Когда обед был наконец благополучно завершен, хозяйка села за рояль и спела бархатным контральто:
Бунин с чувством поцеловал ей руку.
– Лена, презентуй Буниным открытку! – подал голос Николай Дмитриевич.
– Какую такую открытку? – оживилась Вера.
Дело в том, что Елена Андреевна в свое время училась в школе живописи. Ее картины охотно брали на выставки, а одну приобрел даже Павел Михайлович Третьяков для своего знаменитого музея. С той картины были напечатаны открытки «Весна». Теперь Елена Андреевна надписала одну из них: «Милому Ивану, которого мы очень любим!»
– Спасибо! – улыбнулся Бунин. – Почти так мне надписывал свои фотографии молодой Шаляпин: «Милому Ване от любящего тебя Шаляпина».
Стали говорить о Федоре Ивановиче, о том, как он сидел за этим роялем и его могучий голос заставлял дрожать подвески на люстрах, а прохожие собирались под окнами. Он был частым гостем и на литературных «Средах», проходивших много лет под крышей радушного дома Телешова. Председательствовал на собраниях общий любимец – Юлий Бунин.
– Мне вспомнилась история другой открытки, ставшей вдруг знаменитой, разошедшейся многотысячным тиражом, – сказал Бунин.
– Там, где ты рядом с Шаляпиным и Горьким? – спросил Николай Дмитриевич.

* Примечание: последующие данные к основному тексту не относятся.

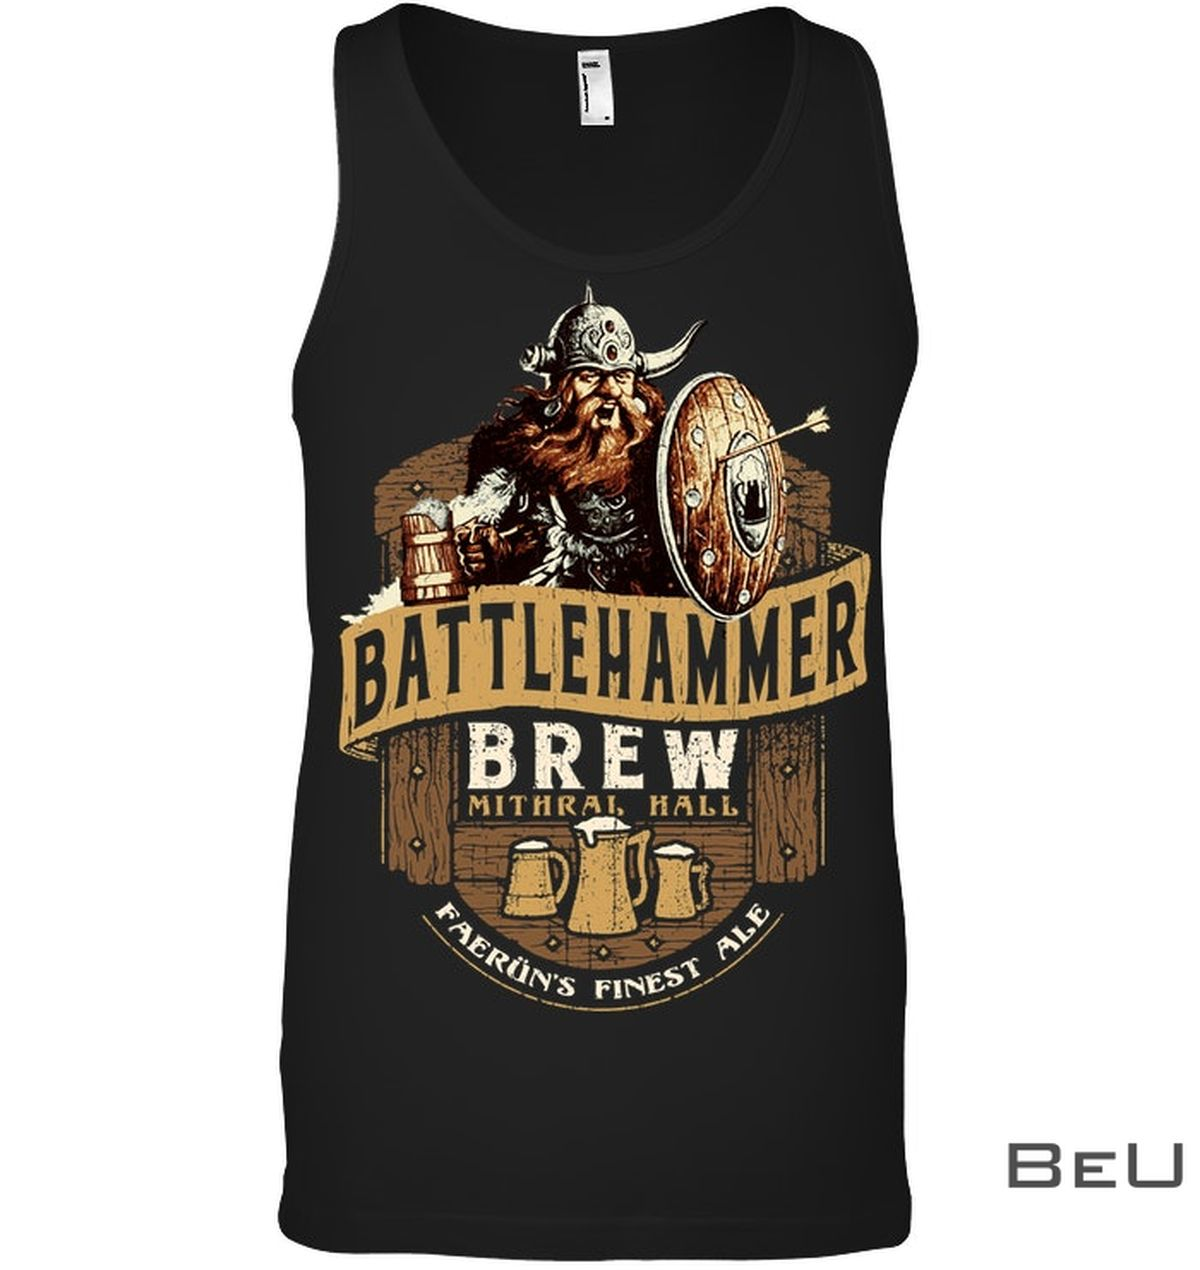 Battlehammer Brew Mithral Hall Faerun Finest Ale Shirtx

– И с тобой тоже! Там же Скиталец и Чириков! А случилось это все неожиданно. Сошлись мы на завтрак в ресторане «Альпийская роза», что на Софийке. Завтракали весело и долго. Вдруг Алексей Максимович окает: «Почему бы нам всем не увековечиться? Для истории русской словесности». Я возразил: «Опять сниматься! Все сниматься! Надоело, сплошная собачья свадьба».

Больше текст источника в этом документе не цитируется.